The day before Nekatla and Susitna were to wed, a stranger burst into their village, wildly warning about warriors from the north who left a trail of destruction: murdered kinsman, plundered lands, houses set to fire.

The villagers gathered and spoke of many ideas, but it was Nekatla’s plan that was eventually adopted. Wanting to preserve the peaceful ways his people had enjoyed for so long, his proposal entailed meeting up with the frightful warriors, bearing gifts instead of weapons, and persuading them to live in peace. The villagers agreed and all the men prepared for departure on the morrow.

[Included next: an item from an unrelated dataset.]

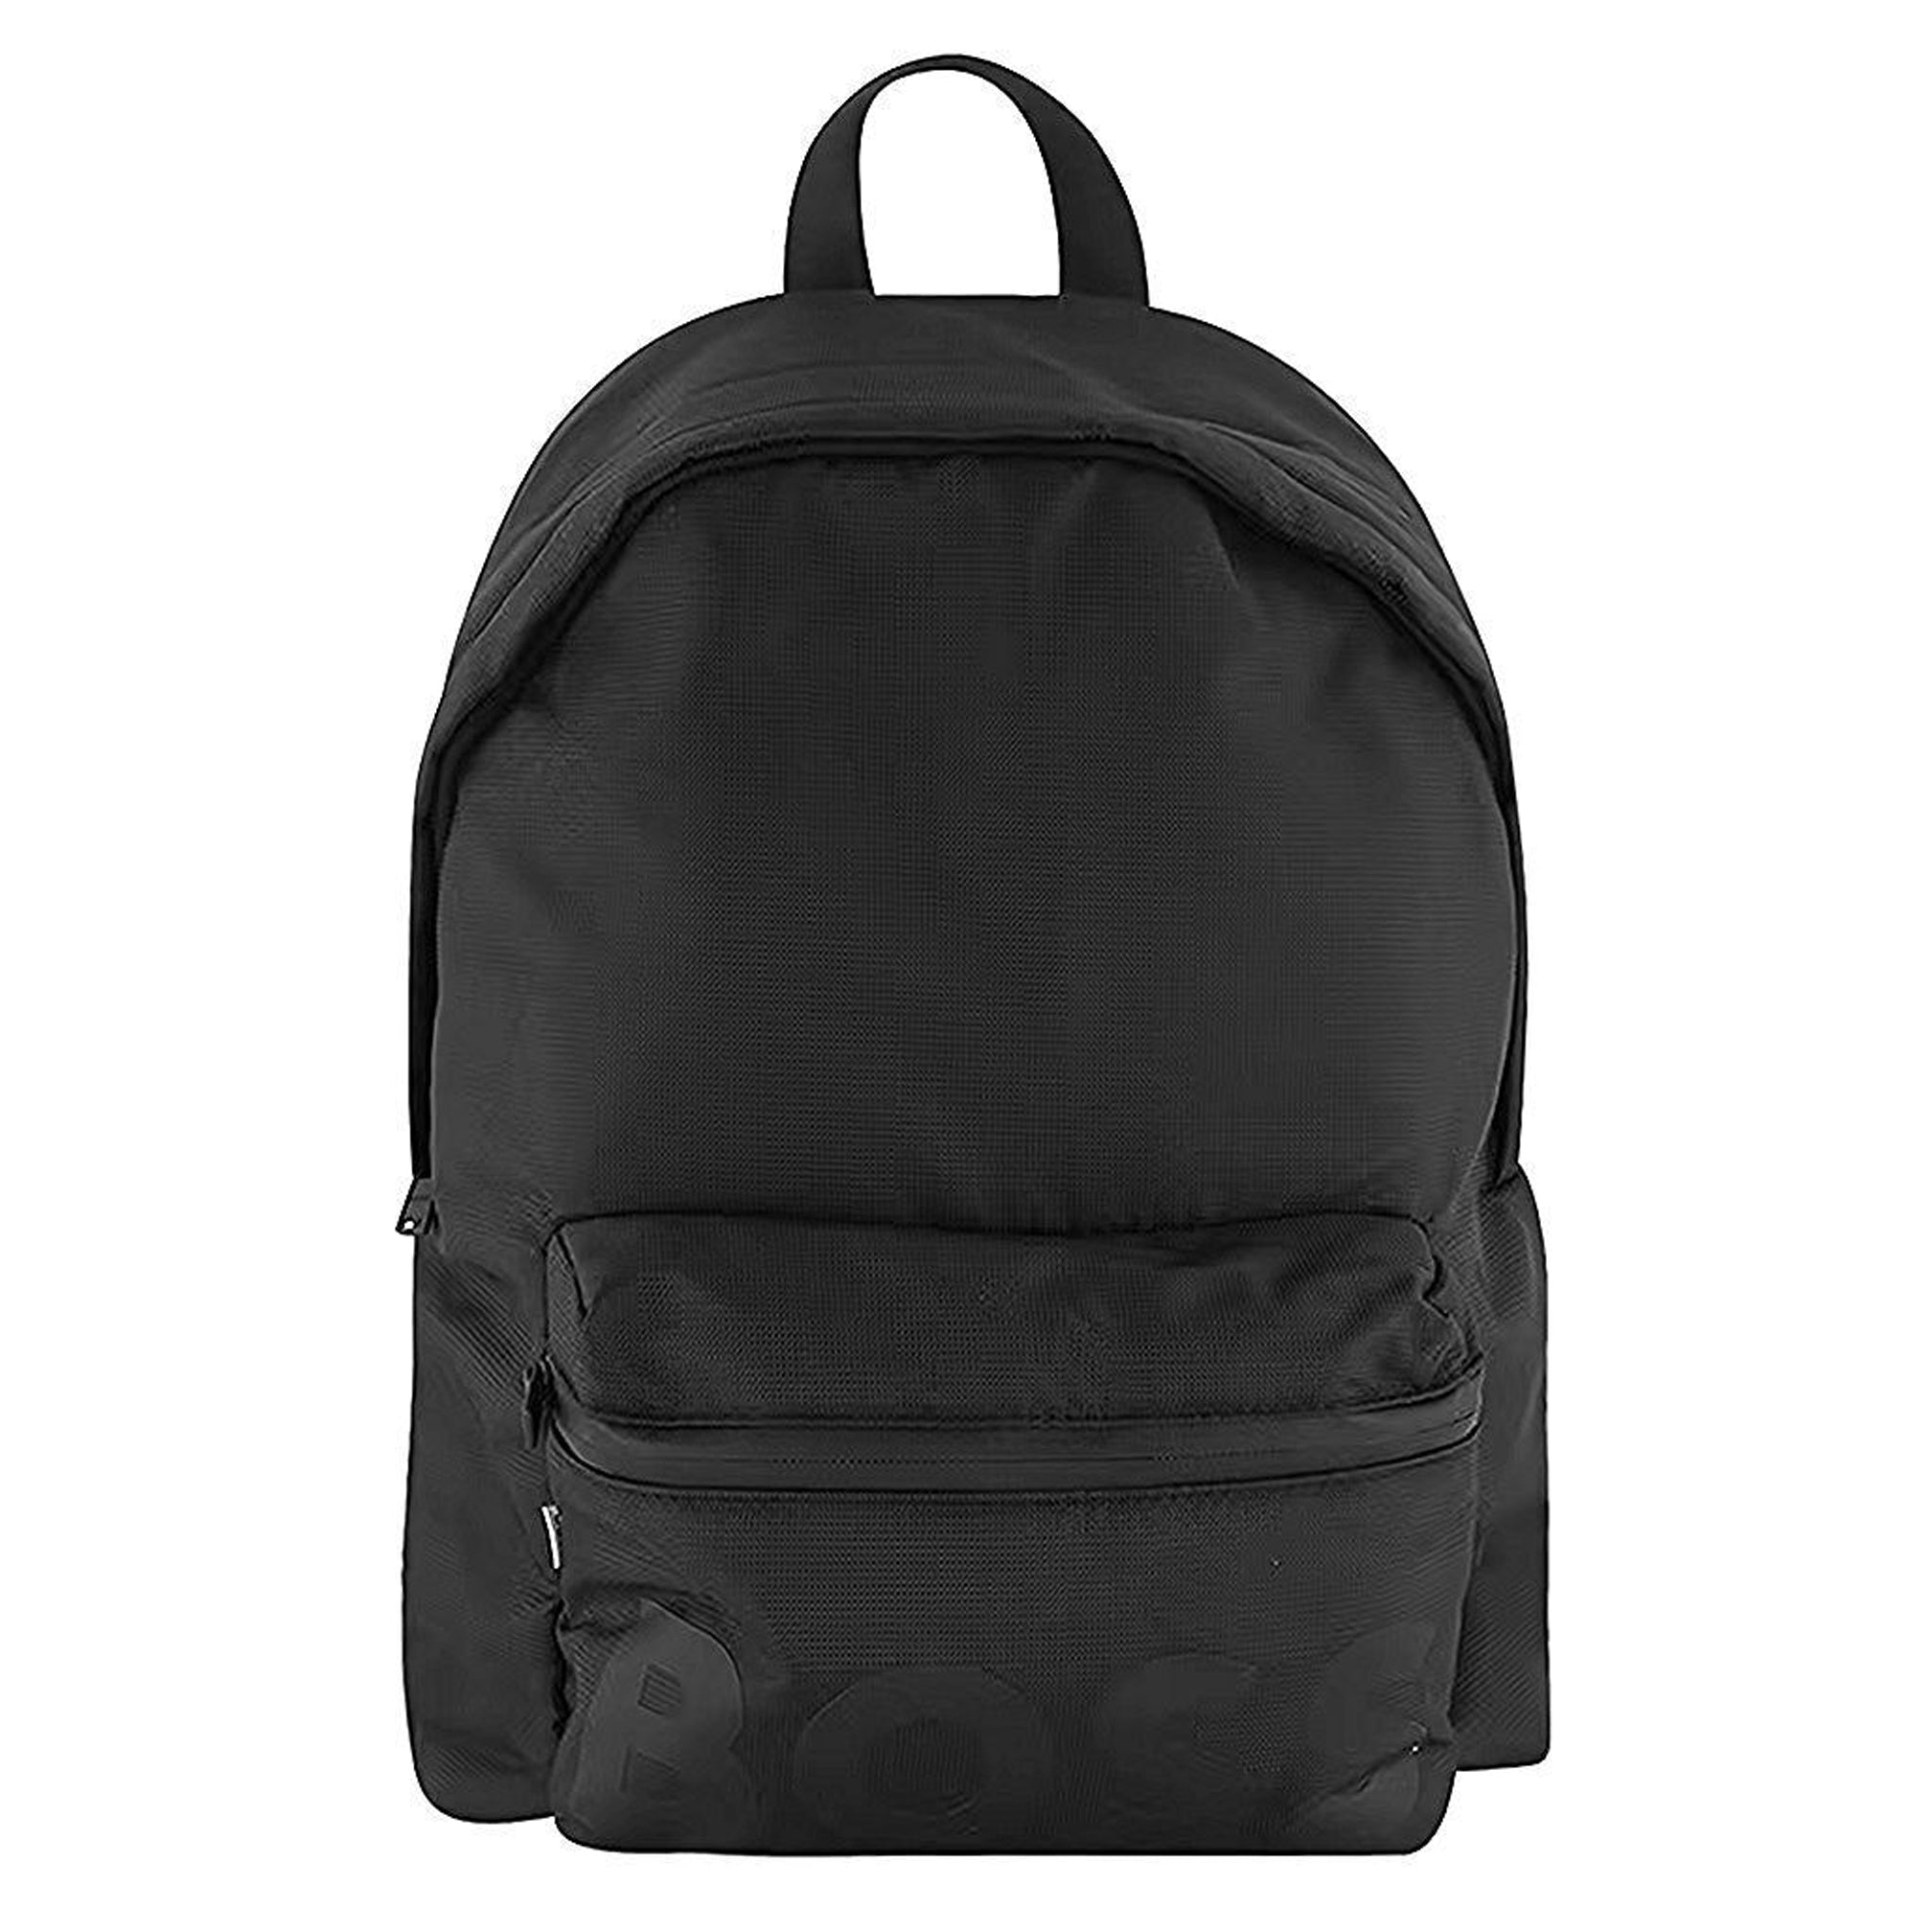 Hugo Boss Black Backpack
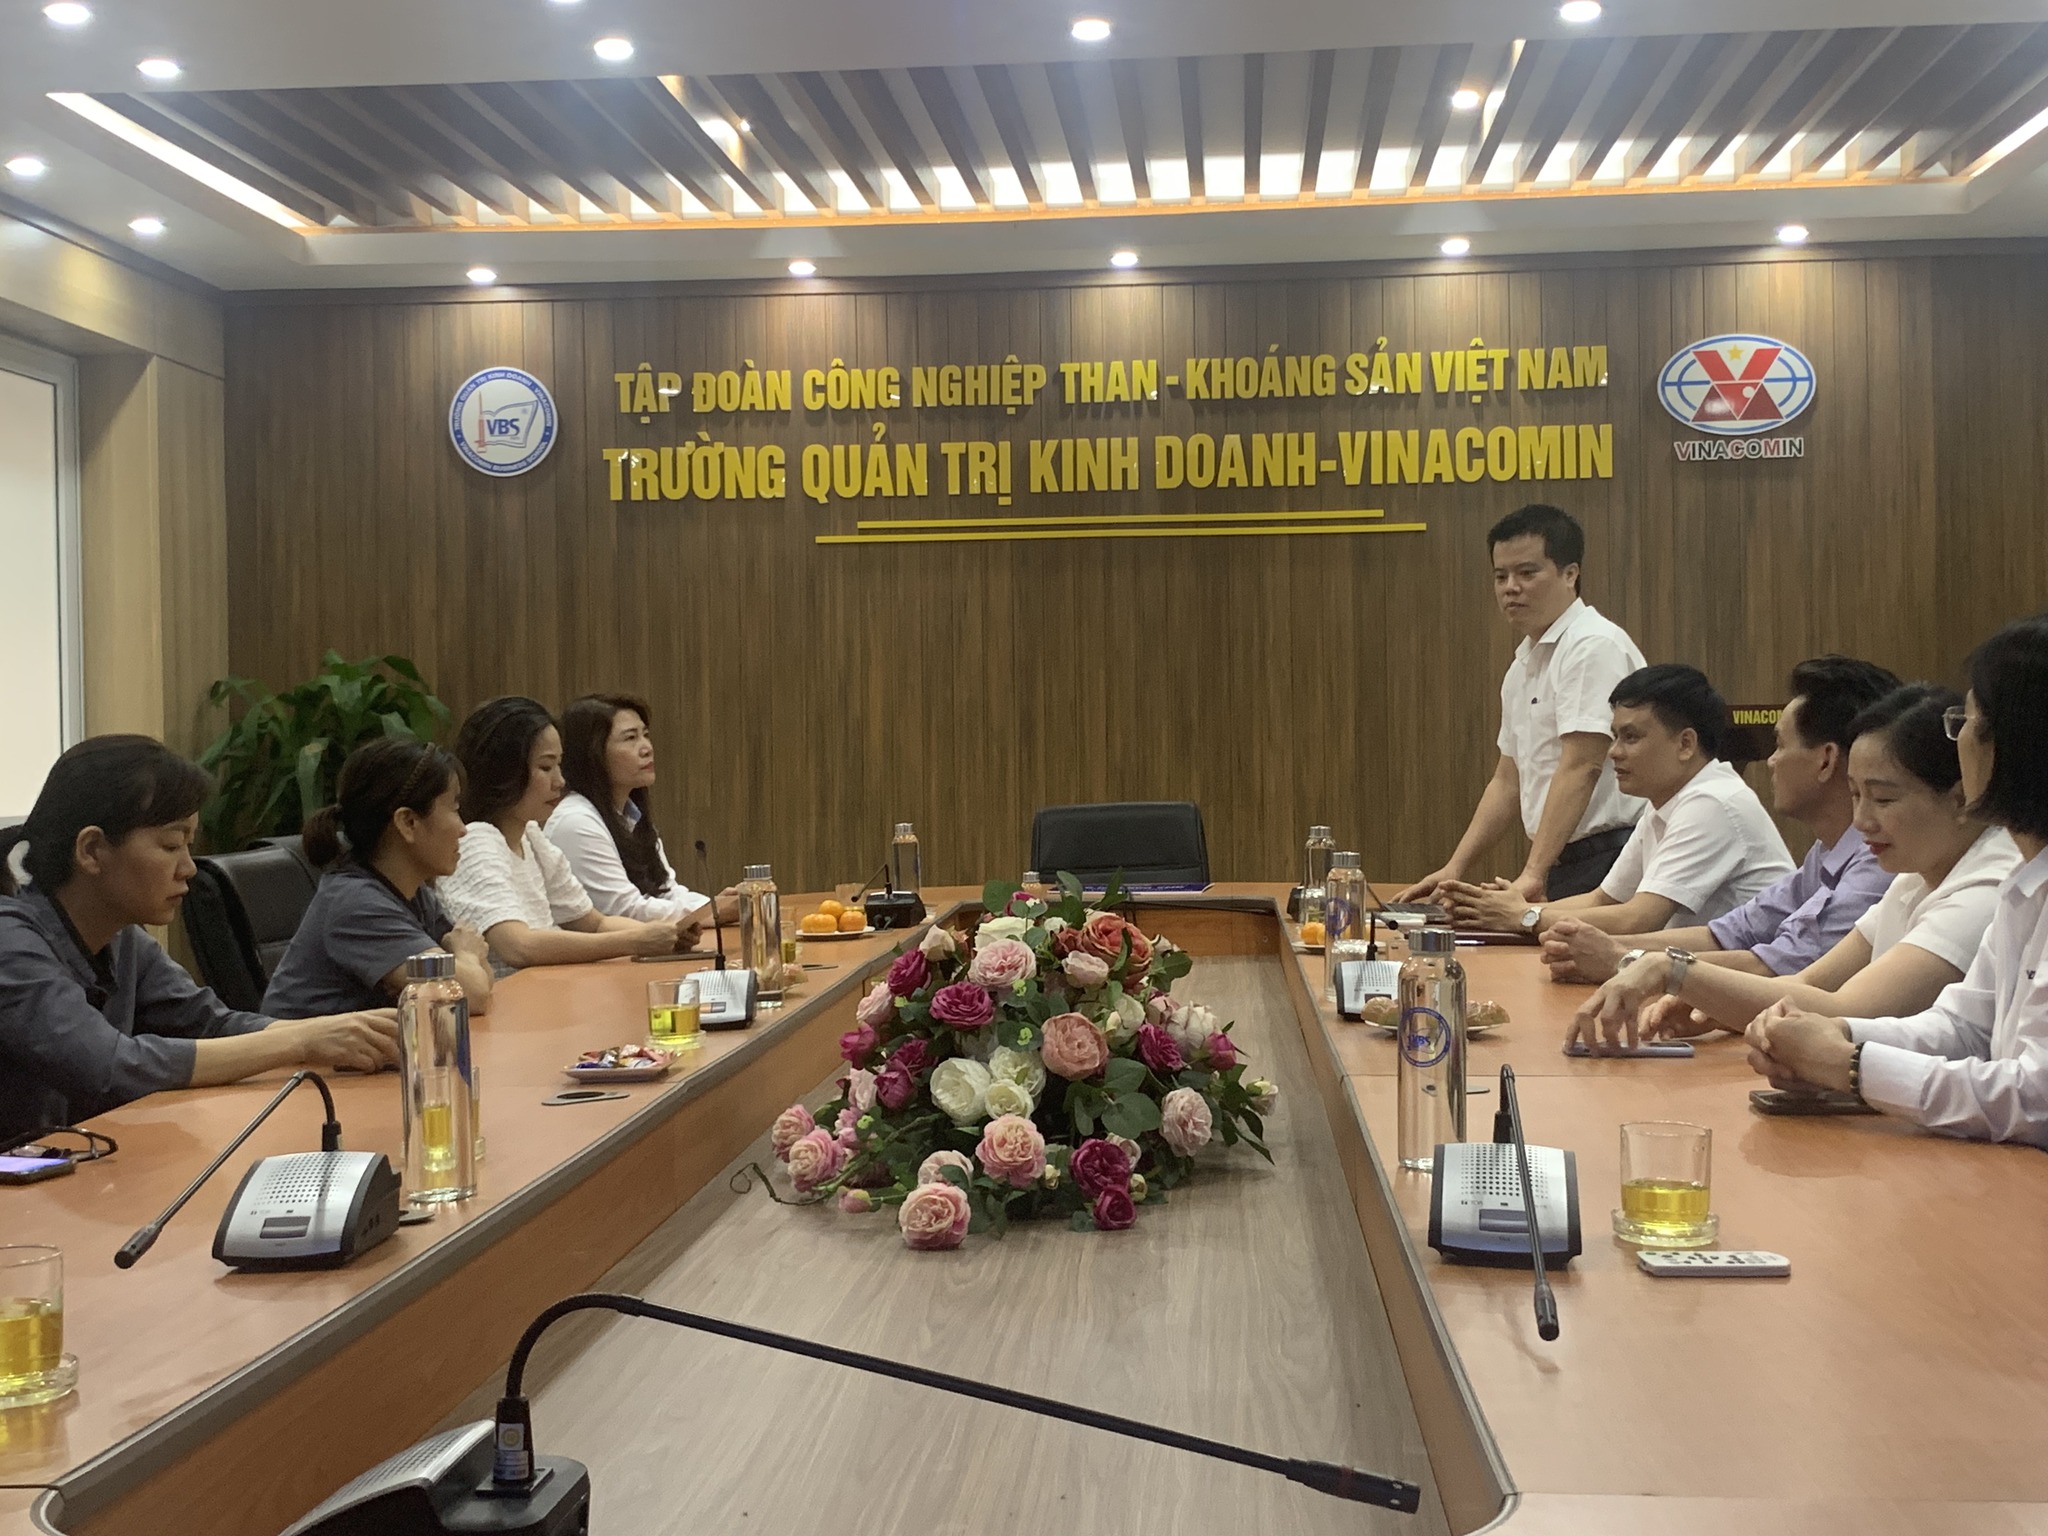 Đ/c Nguyễn Việt Dũng thay mặt Nhà trường báo cáo với Công đoàn TKV

The next morning, rather than being unified in marriage, Nekatla and Susitna bade each other a sad farewell, with promises nonetheless:

“We will be married as soon as I return.”
“I will wait for you at this very spot.”

And so Susitna waited at the same spot she promised Nekatla she would, a hill upon which the pair had previously spent many happy hours. With the baskets she had collected, Susitna gathered fruit until the day became spent. When the daylight marked the second morning since Nekatla’s departure she wove more baskets. On the third day, certain her beloved would return at any moment, she sewed, keeping an eye for his arrival.

Susitna waited, though each day seemed longer than the last, and in this way many days and nights passed, alas, still with no Nekatla in sight. Weary of her tasks, her imagination feeding possibilities regarding the men of her village, Susitna lay down to sleep, but only for a moment.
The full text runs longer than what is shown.